American historian (born 1949)

Deborah Hertz (born February 9, 1949) is an American historian whose specialties are modern German history, modern Jewish history and modern European women's history. Her current research focuses on the history of radical Jewish women.

Since 2004, she has taught at the University of California, San Diego, as a professor of history and is the Herman Wouk Chair in Modern Jewish Studies. She is the co-founder and co-director of the Holocaust Living History Workshop at UCSD, a joint project of the UCSD Library and the Jewish Studies Program.

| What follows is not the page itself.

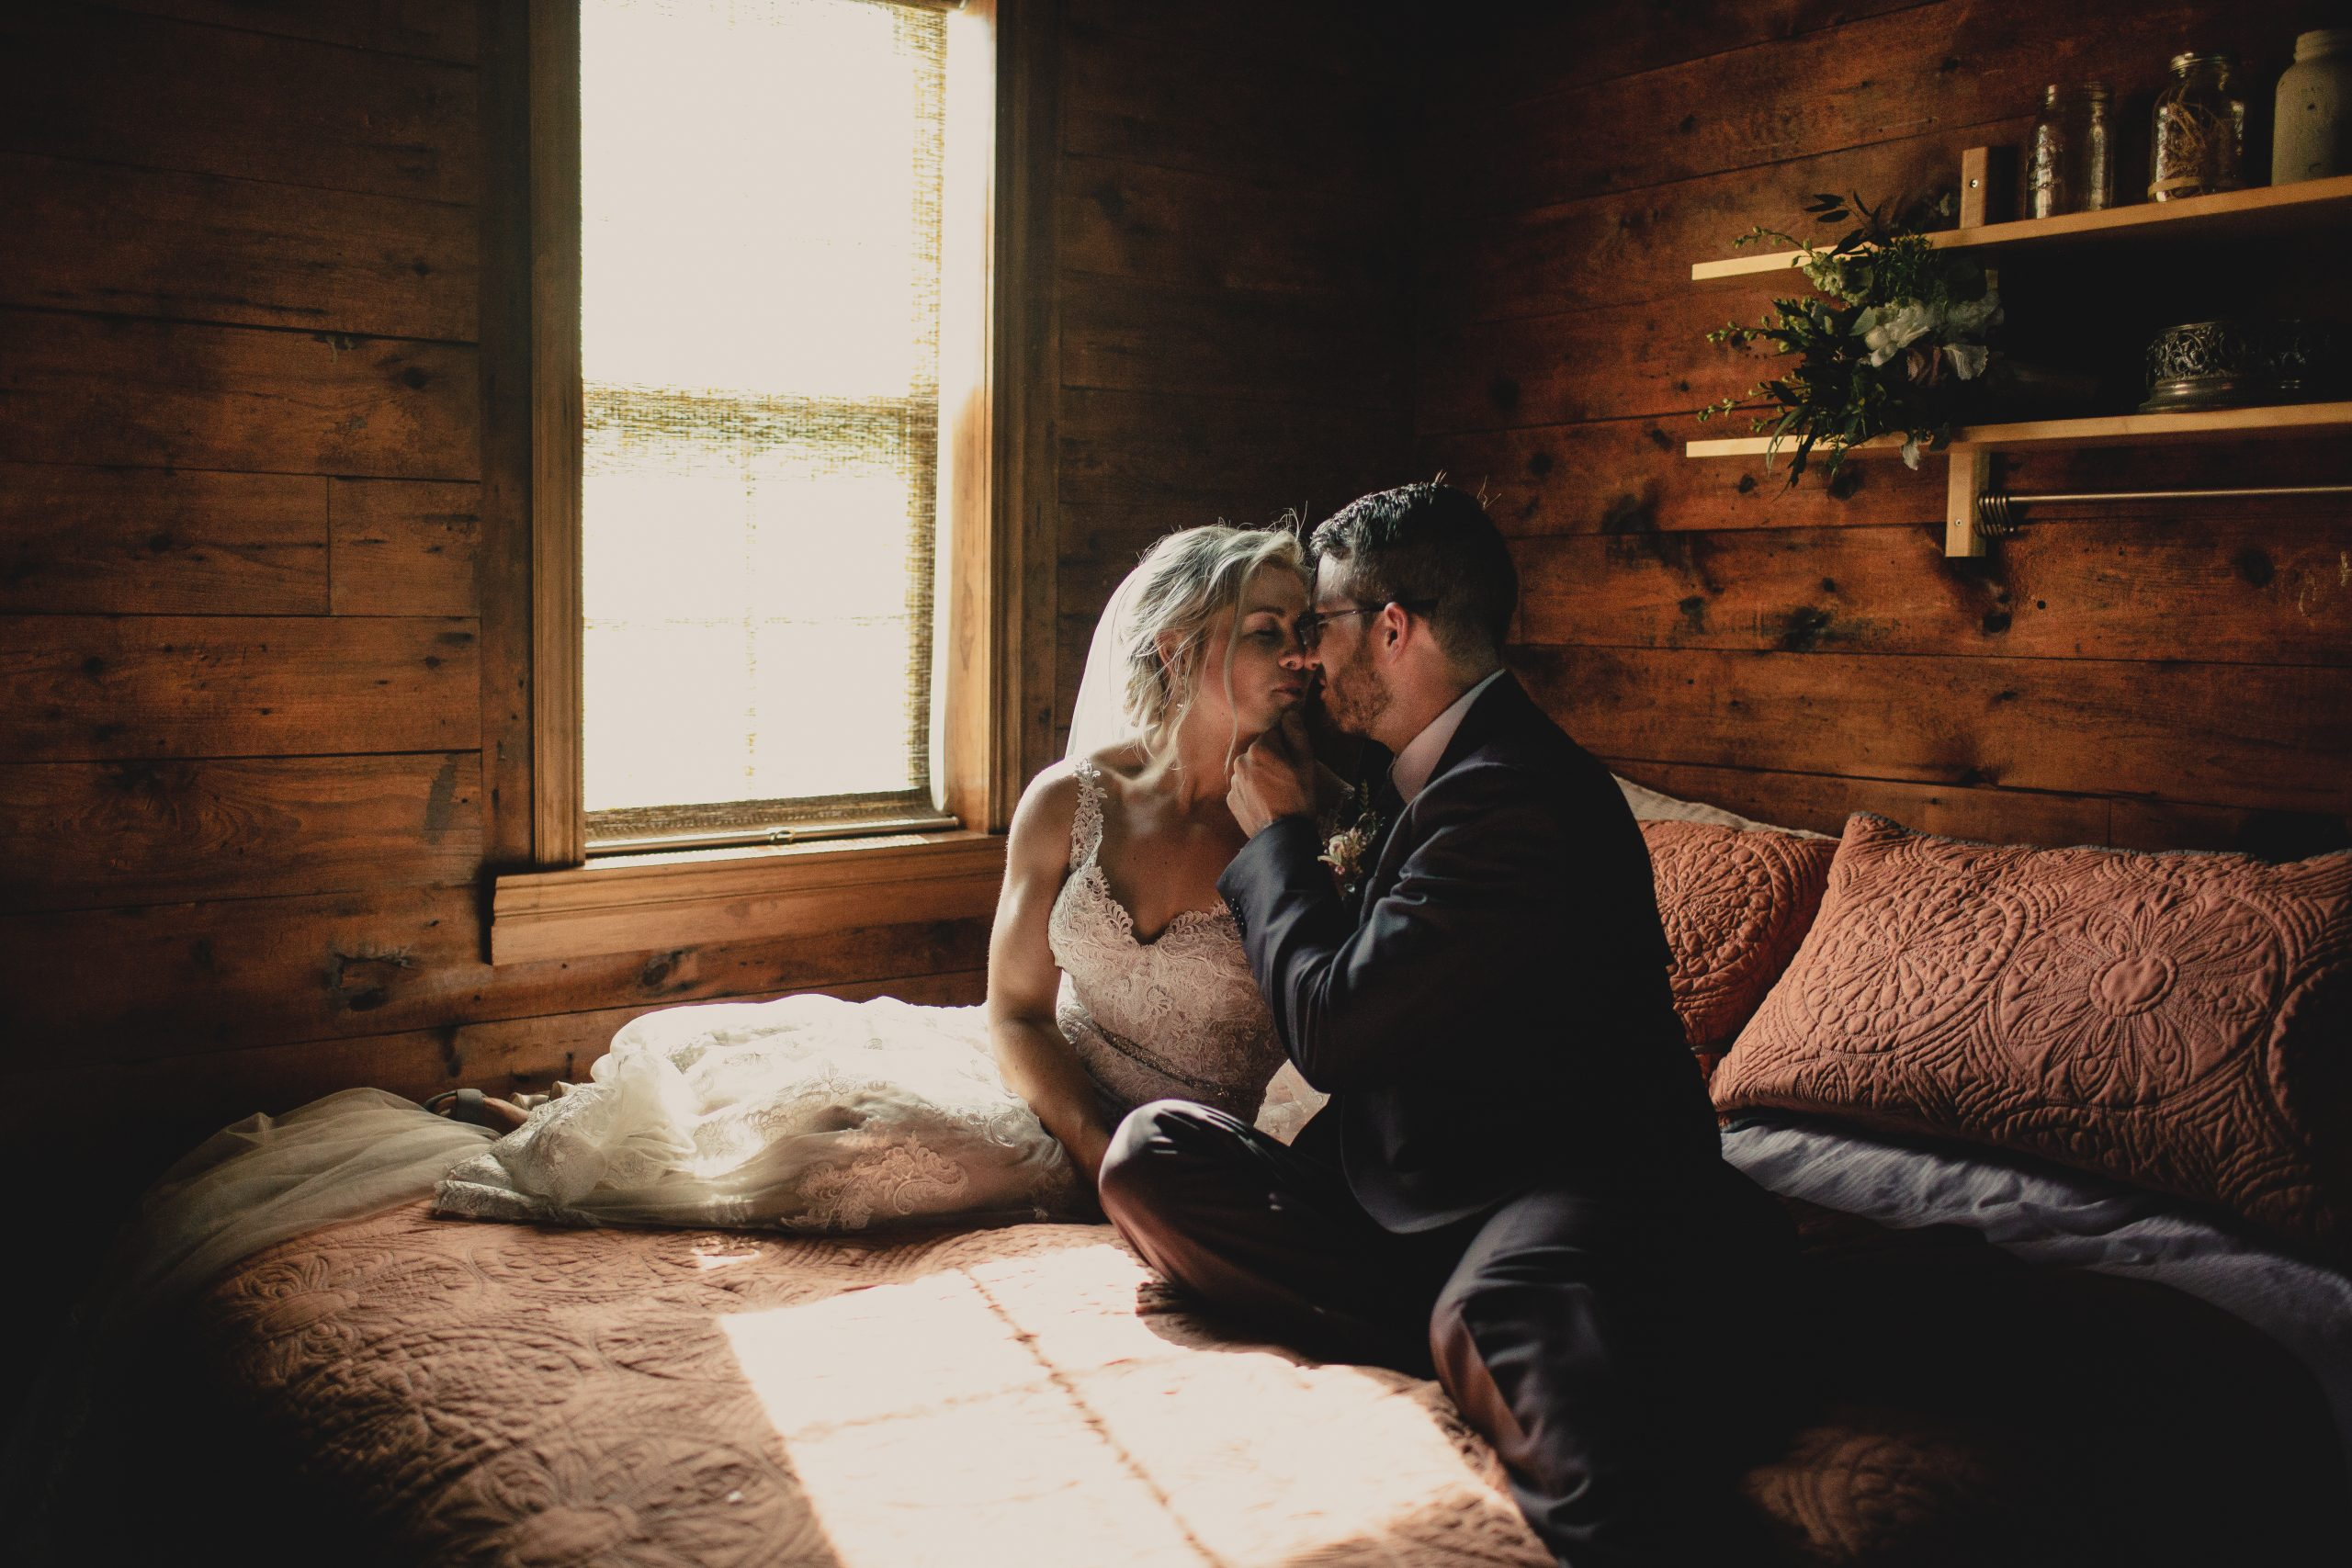 man and woman quarantine during wedding because of coronavirus

== Early life and education ==

Deborah Hertz was born in Saint Paul, Minnesota, in 1949 and graduated from Highland Park Senior High School in 1967. She attended New York University for two years and studied at the Hebrew University in Jerusalem for her Junior Year Abroad in 1969–70. She then returned to the United States and graduated with a major in humanities, summa cum laude, from the University of Minnesota in 1971. She remained at the University of Minnesota and received her PhD in German history in 1979.

==Career==

After a year teaching at Pittsburg State University in Kansas, Hertz moved to the State University of New York at Binghamton in 1979 and remained there until 1996. In that year she accepted a position at Sarah Lawrence College in Bronxville, New York. Hertz joined the faculty at the University of California, San Diego as the Wouk Chair in Modern Jewish Studies in 2004.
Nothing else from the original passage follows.